Bruno Contrada, è l’ex funzionario del Sisde che il 5 aprile 1996 fu condannato ad una pena di dieci anni per concorso esterno in associazione di tipo mafioso. Una sentenza annullata dalla Corte d’Appello di Palermo, successivamente confermata da un’altra sezione di quest’ultima e in via definitiva da una sentenza della Corte di Cassazione.
La controversa vicenda, portò lo stesso Contrada, tramite il suo difensore, avvocato Giuseppe Lipera, a rivolgersi alla Corte dei diritti dell’uomo di Strasburgo, che lo scorso anno ha inoltre sancito che nel caso Contrada c’era stata la violazione di quanto dettato dalla Convenzione Europea dei diritti dell’Uomo, visto che l’imputato era stato condannato per “concorso esterno in associazione mafiosa”, un reato non previsto da nessuna legge del Parlamento italiano e che secondo il principio “nullum crimen, nulla poena sine praevia lege poenali”, recepito e conclamato dall’art. 7 della Convenzione Europea dei diritti dell’Uomo, avrebbe dovuto avere come conseguenza l’assoluzione dell’ex funzionario del Sisde.
A seguito di questa sentenza, Contrada ha chiesto tramite il proprio difensore di fiducia, l’avvocato Giuseppe Lipera, la revisione di un processo che, a suo giudizio, lo aveva visto ingiustamente condannato.
In data 18/11/2015 la Corte d’Appello di Caltanissetta, Prima Sezione Penale ha rigettato l’istanza di revisione, fissando in novanta giorni il termine per il deposito delle relative motivazioni.

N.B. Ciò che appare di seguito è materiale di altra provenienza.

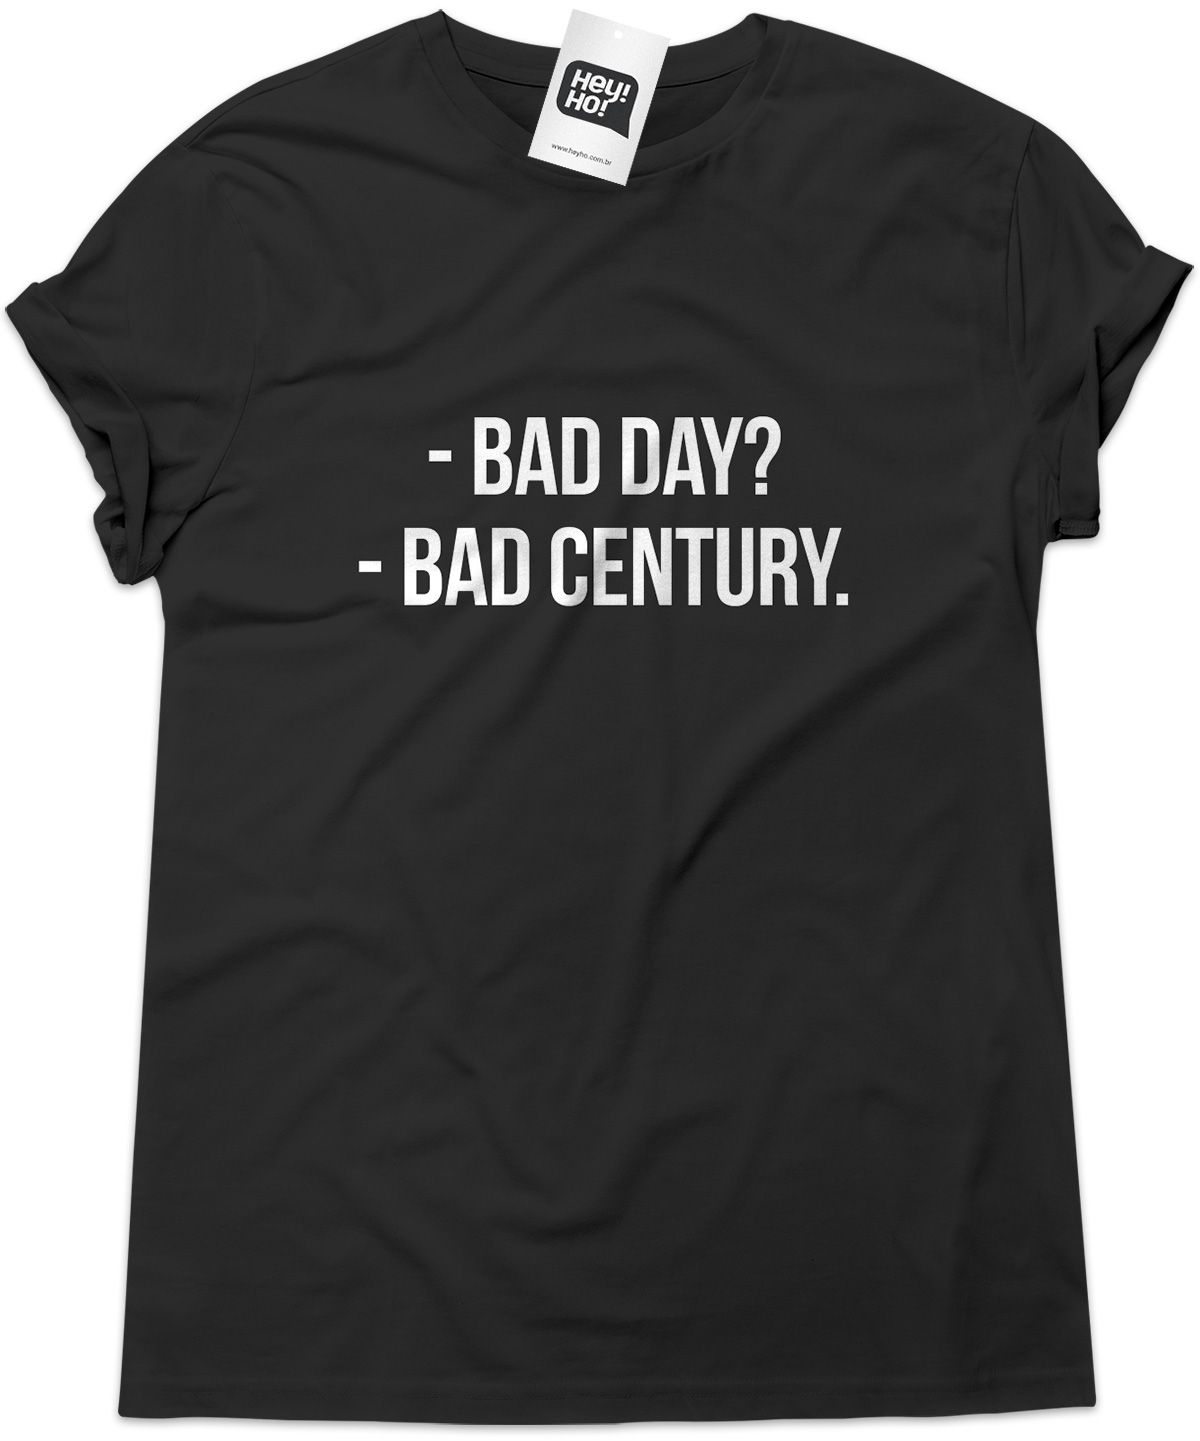 THE ORIGINALS - Bad Day

“Ad oggi – si legge nella nota in merito all’istanza di sollecito per il deposito delle motivazioni della sentenza di rigetto, presentata dall’avvocato Lipera al Presidente della Corte d’Appello di Caltanissetta – nonostante il termine sia ampiamente decorso, non risultano ancora depositate le suddette motivazioni”.
L’avvocato Lipera, nell’istanza presentata, ha inoltre evidenziato come vi sia necessità, considerata l’età avanzata del suo assistito, di proporre tempestivamente ricorso per Cassazione avverso la sentenza di rigetto.
Non si tratta della prima volta che le richieste presentate da Contrada vengono respinte.
Quando Contrada era detenuto presso il carcere militare di Santa Maria Capua Vetere, presentò istanza chiedendo di porre fine o sospendere la pena, a causa dello stato di salute, essendo affetto da molteplici patologie.
Tanto la prima richiesta, quanto quelle successive, vennero respinte, nonostante la testimonianza in favore di Contrada da parte del medico della prigione.
Nel luglio 2008, fu inviato agli arresti domiciliari in casa della sorella “senza alcun contatto con persone diverse dai familiari e dal personale medico”.
Il tribunale respinse la richiesta di rinvio dell’esecuzione della pena , citando la pericolosità sociale della persona e il tipo di reato per il quale era stato condannato.
A seguito di questi fatti, per il periodo di tempo che va dal 11 maggio 2007 al luglio del 2008, la Europea dei diritti dell’Uomo, nel 2014, aveva già condannato l’Italia a risarcire Contrada per i trattamenti inumani e degradanti ai quali era stato sottoposto, visto che le patologie accusate e l’età dello stesso lo rendevano incompatibile con il regime carcerario, rappresentando dunque una violazione dall’articolo 3 della Convenzione sui diritti dell’Uomo.